* _What the task requires_
Consider the listing below. Extract exactly the lines from the line containing "Breakthrough UK Logo" to the line containing "October Calendar Illustration", both included.
** Material for the task follows **
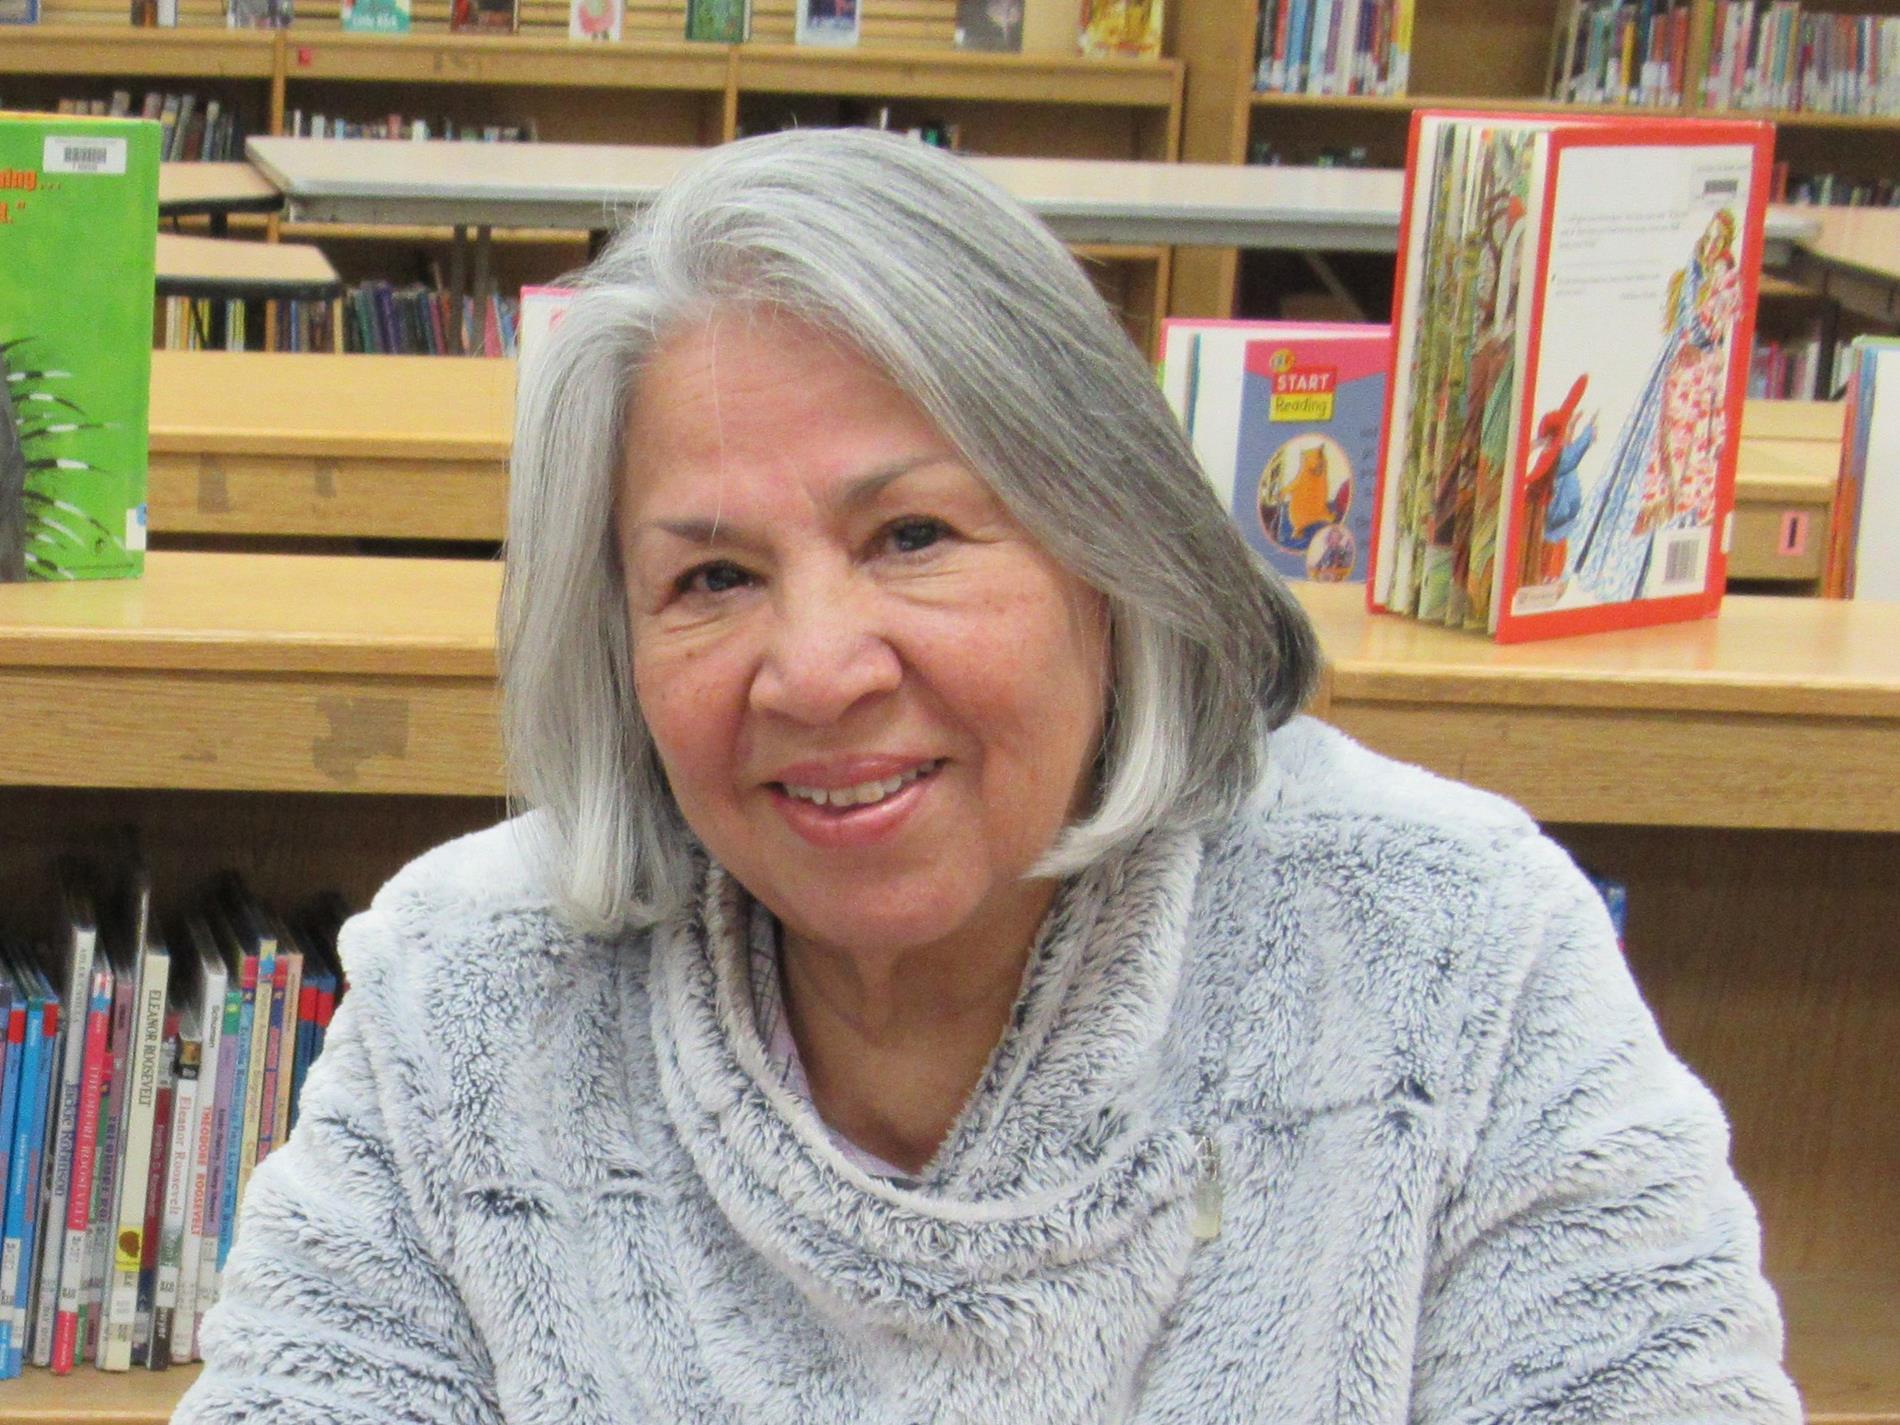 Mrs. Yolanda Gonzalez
** End of Material for the task **
** Material for the task follows **
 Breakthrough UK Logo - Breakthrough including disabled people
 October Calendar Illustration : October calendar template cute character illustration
** End of Material for the task **
** Material for the task follows **
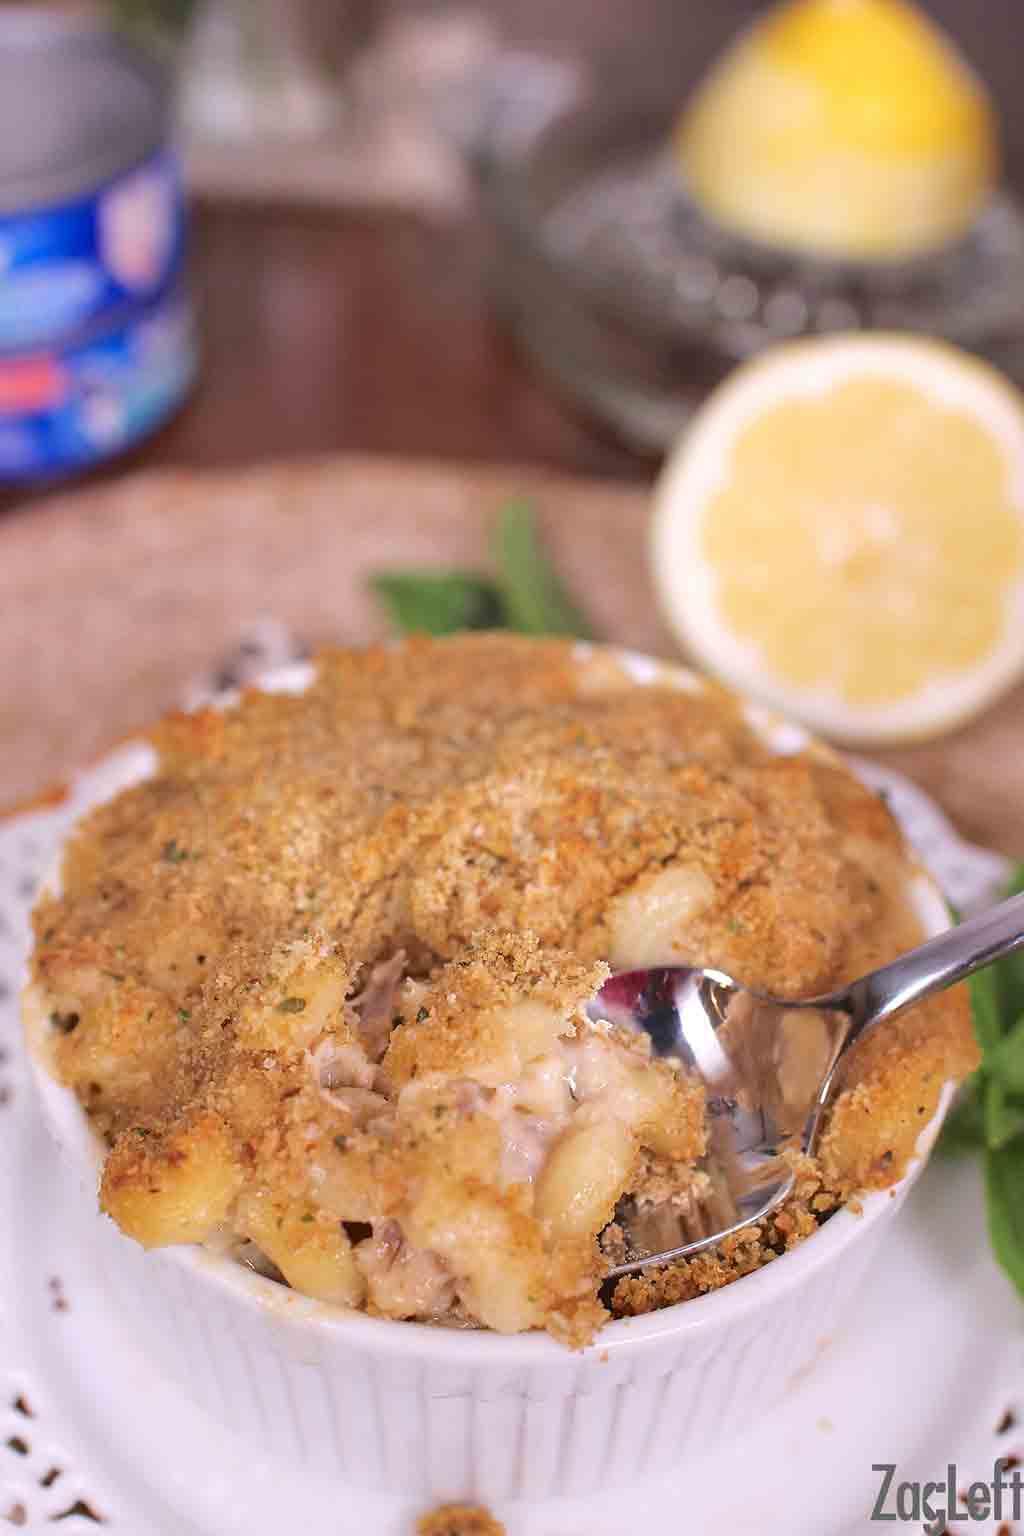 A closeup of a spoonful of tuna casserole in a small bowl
** End of Material for the task **
* _Answer to this exercise_
 Breakthrough UK Logo - Breakthrough including disabled people
 October Calendar Illustration : October calendar template cute character illustration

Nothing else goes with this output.